Он с интересом посмотрел на эту женщину. О ней говорили едва ли не больше, чем о Бернадотте, и намного более эмоционально, чем о нем. Одни восхищались Линдой Вольф, другие костерили ее на чем свет стоит — но равнодушными она не оставляла никого. Жесткая, решительная, изобретательная, коварная, «серый кардинал» ГИДРОБИО. Говорили о том, что де-юре корпорацией руководит Бернадотт, а де-факто всем заправляет его помощница, а он лишь озвучивает ее волю. Слухи о Линде ходили самые разнообразные. Кто-то говорил, что, не будь она из кругов «золотой молодежи», не видать бы ей второго кресла в ГИДРОБИО еще до тридцати лет, как своих ушей. Кто-то с восторгом твердил, что Линда приложила нечеловеческие усилия, чтобы добиться успеха не как «папина дочка», а самостоятельно. Ей приписывались весьма раскованное поведение, неуемный сексуальный темперамент, множество романов с известными богатыми и сановными мужчинами, дружеские и не только связи в кругах международной мафии и развлечения с молодыми людьми из ГИДРОБИО, ублажающих начальницу ради служебного продвижения… Кто-то уверял, что у Вольф — многолетняя любовная связь с Бернадоттом, которая началась еще, когда он не овдовел. Другие наоборот называли Вольф холодной, как лед, женщиной, напрочь лишенной живых чувств, трудоголичкой, которой личную жизнь заменяет работа, будто бы нерастраченную сексуальную энергию она сублимирует в работу…

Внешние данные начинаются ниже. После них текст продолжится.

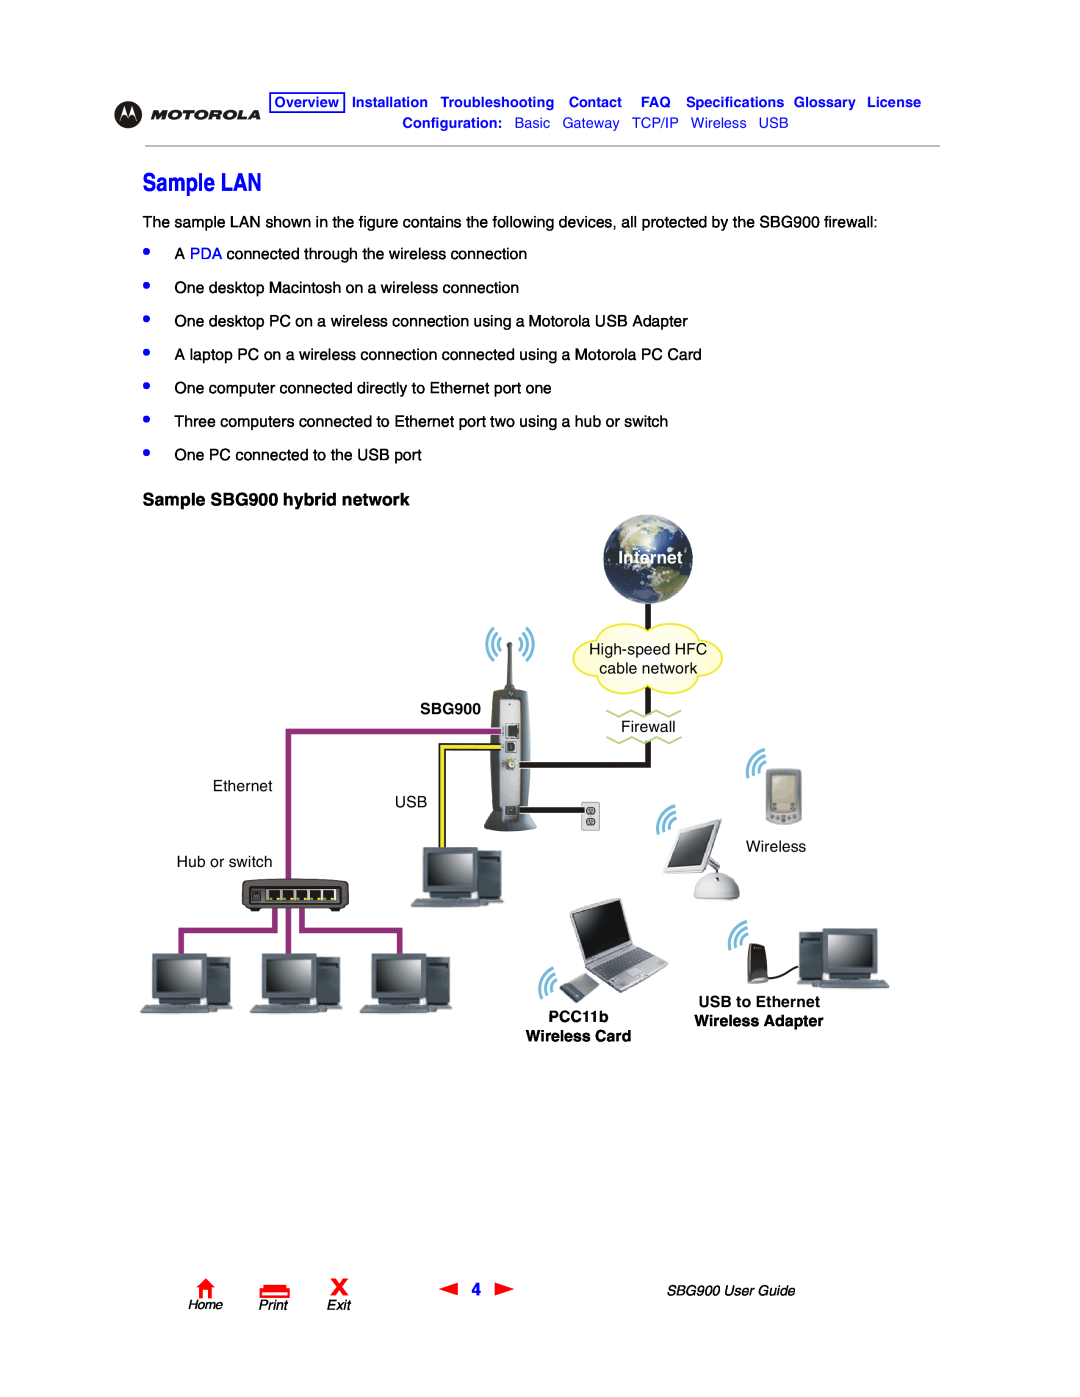 Motorola manual Sample LAN, Sample SBG900 hybrid network, PCC11b, USB to Ethernet, Internet

Что из этого правда, а что — нет, Хенсли не знал. Но сидя рядом с ней в салоне джипа, он на себе ощущал мощные флюиды ее властной харизмы и — что скрывать! — ее чувственный магнетизм. «Рядом с ней, наверное, даже львы превращаются в котят», — подумал он. И сказал:
— Интересно, на вашей работе знают, что вы посещали «Рим»?
Она пожала плечами:
— Доктор Бернадотт тоже иногда там бывает. И кое-кто из наших здешних покровителей — тоже. Так что знают. И нормально относятся, при встречах в залах «Рима» учтиво приветствуют. А что болтают подчиненные в кулуарах — мне нет дела.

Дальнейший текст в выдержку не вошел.